I read Mary Shelley’s Frankenstein as a child, and I will always remember a passage, which I took to describe myself: “The world was to me a secret, which I desired to divine. Curiosity, earnest research to learn the hidden laws of nature, gladness akin to rapture, as they were unfolded to me, are among the earliest sensations I can remember.”

My heroes during that time were odd ones: Richard Feynman and Eric Drexler, the founders of nanotechnology; Robert Ballard, the first explorer of the Mid-Atlantic Ridge; and I was fascinated, absolutely enthralled, by NASA.

It’s rare that one finds anything poetic in a newspaper, but the L.A. Times contained a passage on Sunday that pinned down my feelings pretty well. Robert Lee Hotz described NASA, saying, “No other agency so embodies America’s romance with exploration, its abiding faith in science and technology, or the failure to learn from its mistakes.”

Corporations, politicians and public interest all have something to say about how scientists ply their trade. There is a complex and powerful interplay between public, media, government, industry and science. And as I learned about it, I learned about the other side of NASA – the administrative end, where dollars and cents arbitrate discovery.

The shuttle was designed in the late 1970s. It was the country’s long-anticipated reusable spacecraft, and it resulted from two conflicting visions. NASA and the Air Force planned on sharing the program, with Air Force shuttles launching from the West Coast and NASA shuttles from the East Coast. NASA was interested in science missions, the Air Force in spy missions – launching from the West Coast puts you in an orbit over the Soviet Union.

The winning design for the shuttle was a compromise between the two visions, and as a result it couldn’t accomplish much of either. The shuttle is too bulky to reach the high orbits most satellites require, and too temperamental to be launched regularly, cheaply or easily.

In terms of cost overruns and efficiency, the program was a nightmare. Spy satellite technology surpassed shuttle technology quickly and the Challenger tragedy in 1986 gave the Air Force an excuse to bury its shuttle program and donate its shuttle, Discovery, to NASA.

Despite difficulties imposed by design flaws, NASA soldiered on, doing good science under adverse conditions. Eventually it even made space flight seem routine.

Each space shuttle is designed to carry out 100 flights over a period of about 10 years. Six of them have been built since the program started in 1977. They are: Enterprise, Discovery, Challenger, Endeavor, Atlantis and Columbia. Only the last five of these have flown in space. Because of their temperamental nature, the five spaceworthy shuttles have only completed a total of 113 flights and have done so over a period of 22 years.

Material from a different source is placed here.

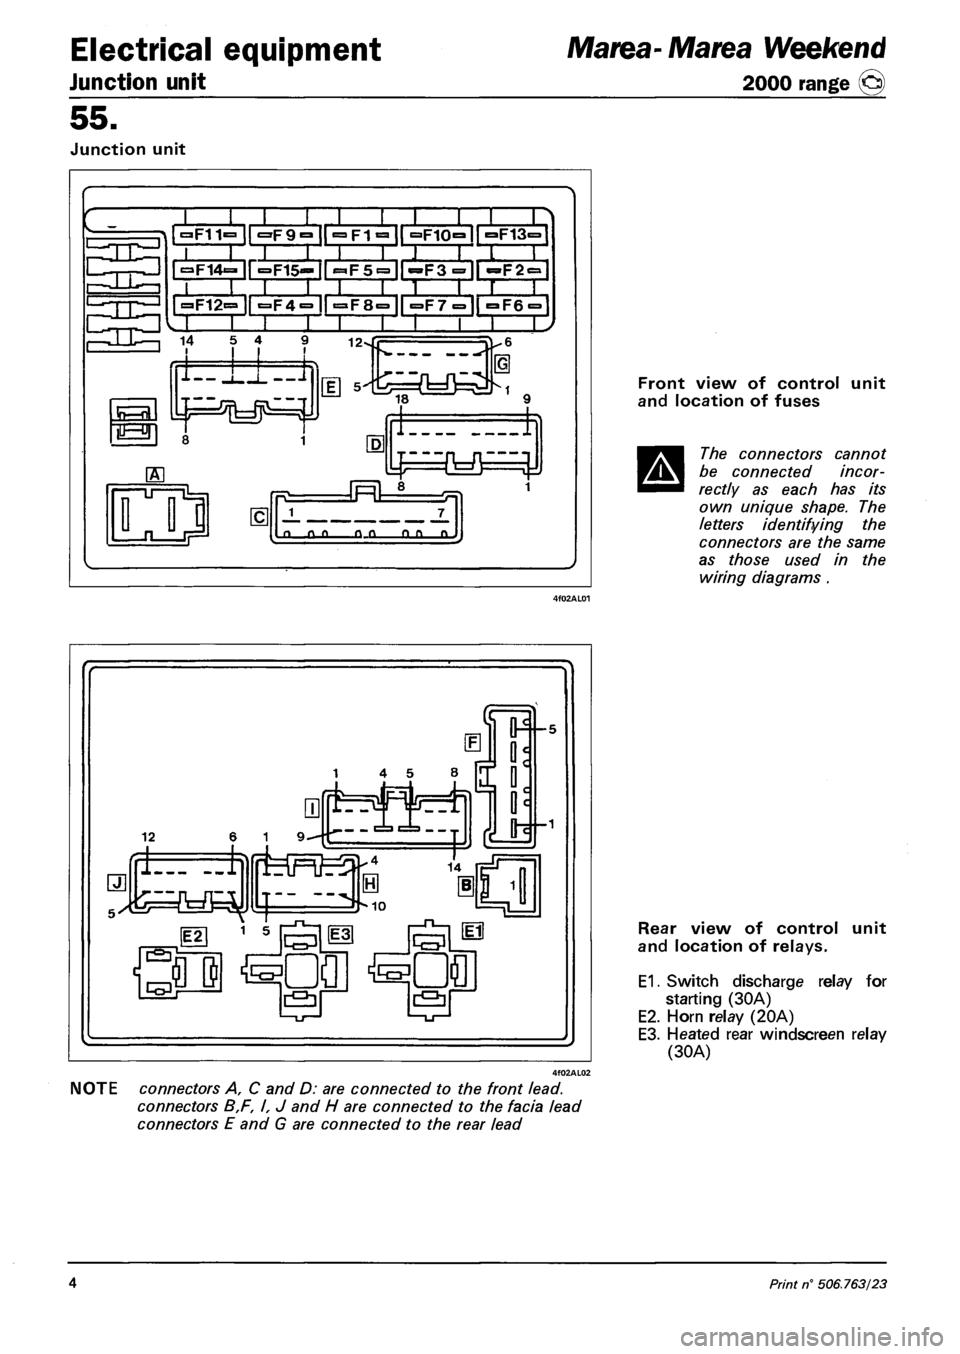 Fuses Fiat Marea 2000 1g Workshop Manual Fuse Box For Ulysse Page 134

Much of the technology on the shuttle predates its design. In its manned program, NASA practices what some people call “reverse economics,” common to the space business. The idea is that, when you have lives – or in the case of industry, customers – on the line, it’s safer to use 10-year-old technology that you know will work, rather than a state-of-the-art system that might freeze or cut out. Much of the technology aboard the shuttle is actually 40 years old.

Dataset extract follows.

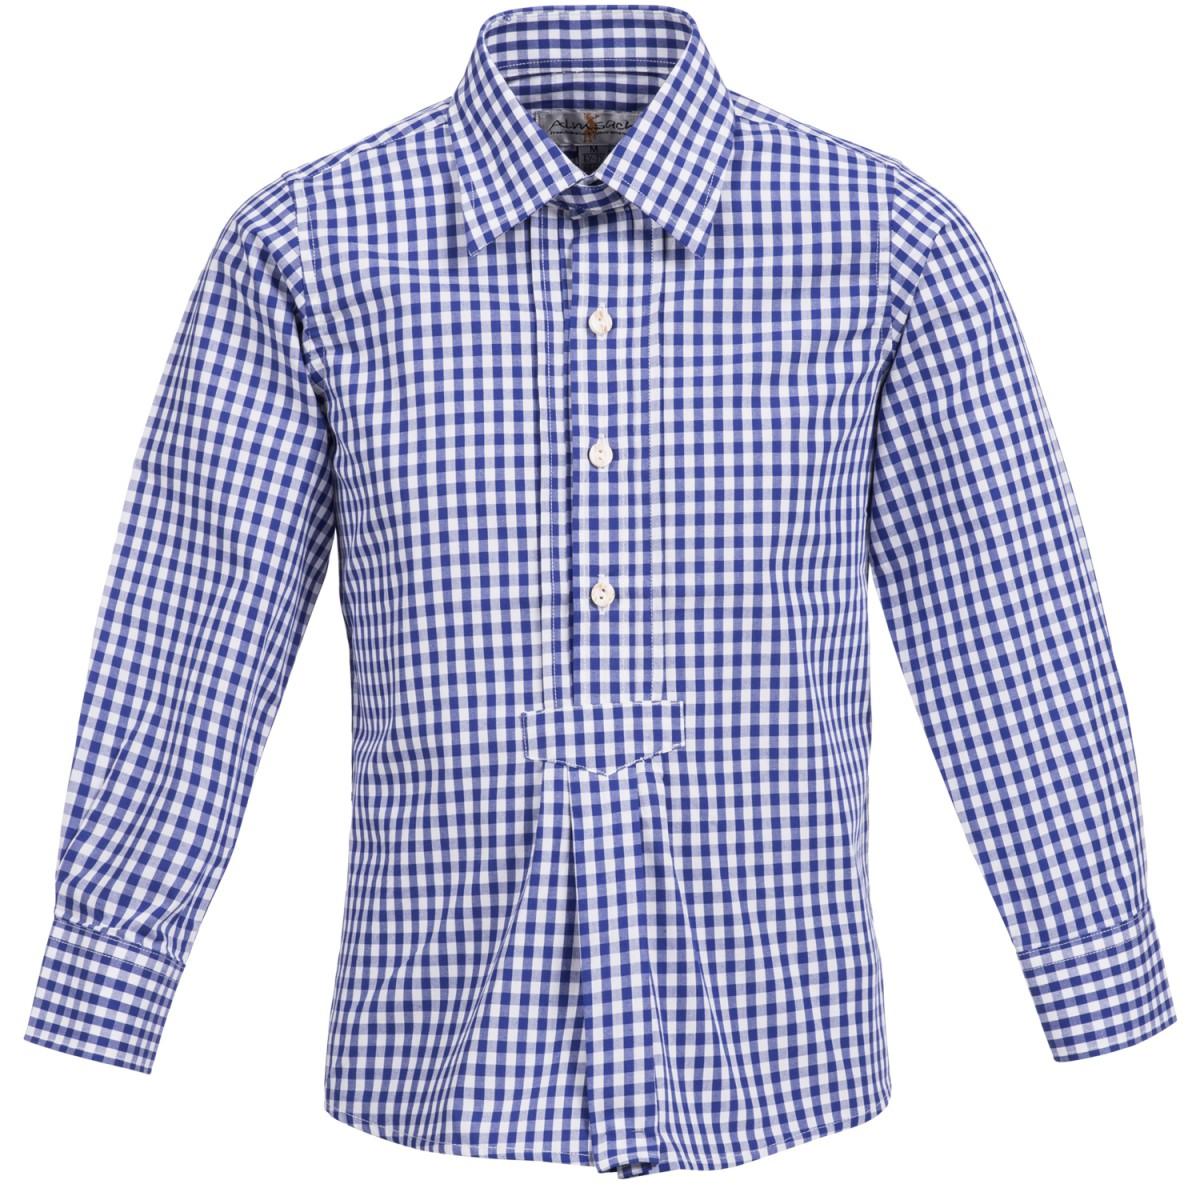 Trachtenhemd für Kinder in Blau von Almsach günstig online kaufen

The X-33, otherwise known as the VentureStar, was to be built by Lockheed Martin to replace the space shuttle. The design proved fatally flawed. Some claim that Lockheed knew this when it bid on the contract and decided to cheat the program anyway. But the bottom line is, the program was too expensive for NASA’s eroding budget.

There are people who hate NASA. They claim that it diverts money from social programs and education or they lump it with defense spending. These are stupid arguments in my book. NASA takes up less than 3 percent of the national budget and funding for the agency has dropped every year for over 10 years. The Pathfinder mission cost the average American about one dollar. The Voyager 1 and 2 spacecraft cost about one penny a world for each person on Earth, to quote Carl Sagan.

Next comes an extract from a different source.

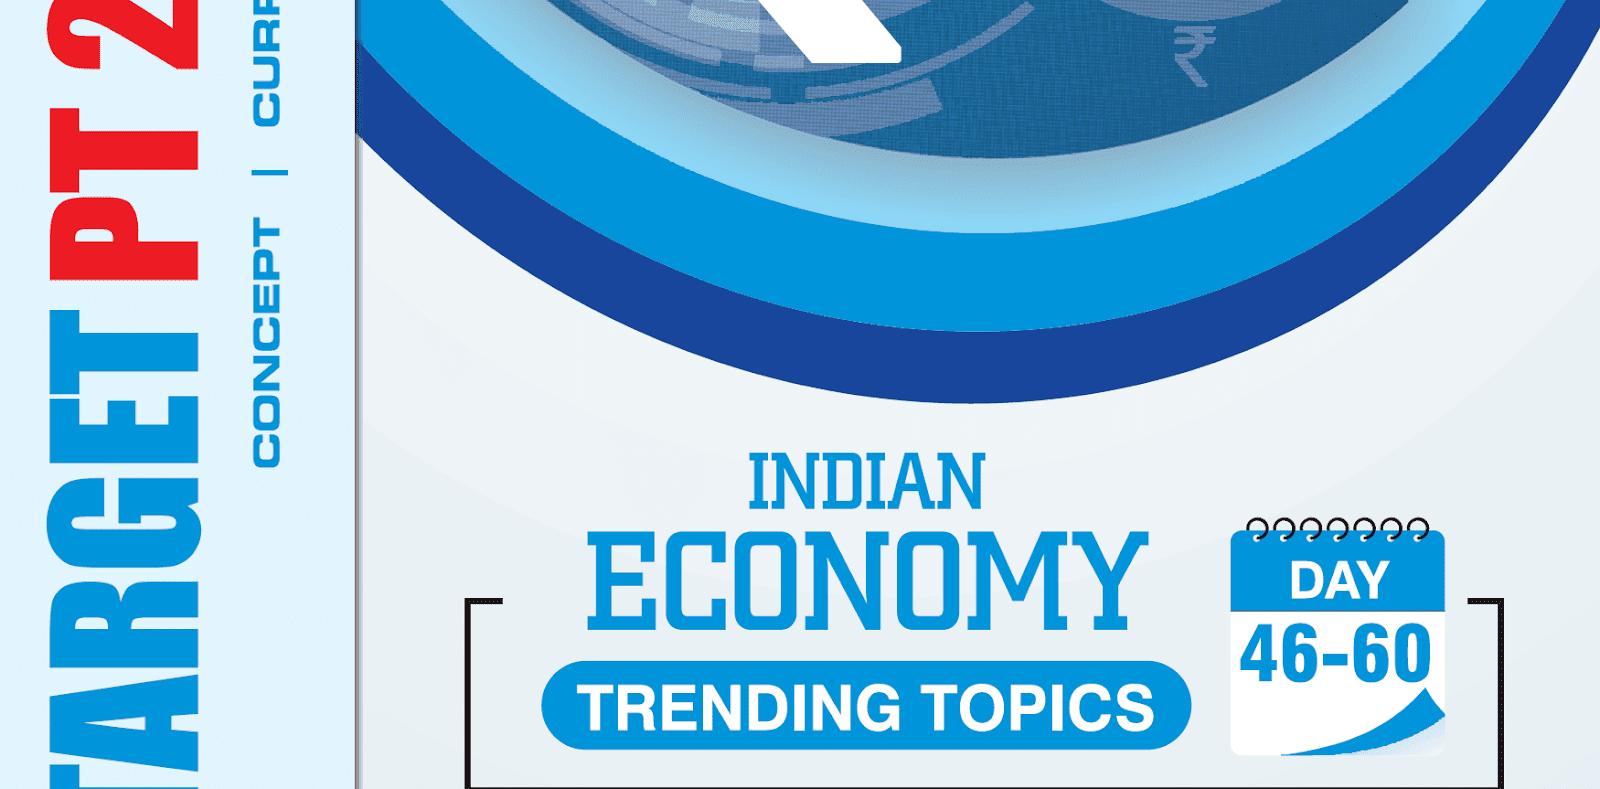 GS Score Economy Trending Topics UPSC IAS Target 2020

NASA doesn’t divert money from education. NASA is education. The program does not have anything approaching a defense budget and it became completely peripheral to defense spending by the mid-1980s. Even when NASA was closely tied to defense, it was probably the most productive outlet for aggressive impulses in history. The modern concept of the Earth’s fragility – a photograph of a small pearl in a vast void – comes from the Apollo missions. Instead of destroying ourselves in the Cold War, we went to the moon. That’s education.

NASA is no longer tied to defense. That’s why it’s politically unpopular. That’s why the shuttle program has only half of its original funding and a maintenance crew of 1,800 rather than the original 3,000. That’s why there is no viable replacement for the space shuttle, which was intended to be out of service in 1982. That’s why there is no X-38 return vehicle waiting to take the crew of the International Space Station back home. That’s why instead of retiring the Columbia in 1999, NASA made the decision to overhaul it and reuse it until 2015.

NASA is in a vicious funding cycle. Its programs underwhelm the public – there are no trips to the moon, no men on Mars. Politicians score points by slandering it and penalizing it. So NASA’s budget is cut, its programs become less spectacular and the cycle begins again.

More pressure, less funding – this is the true recipe for disaster.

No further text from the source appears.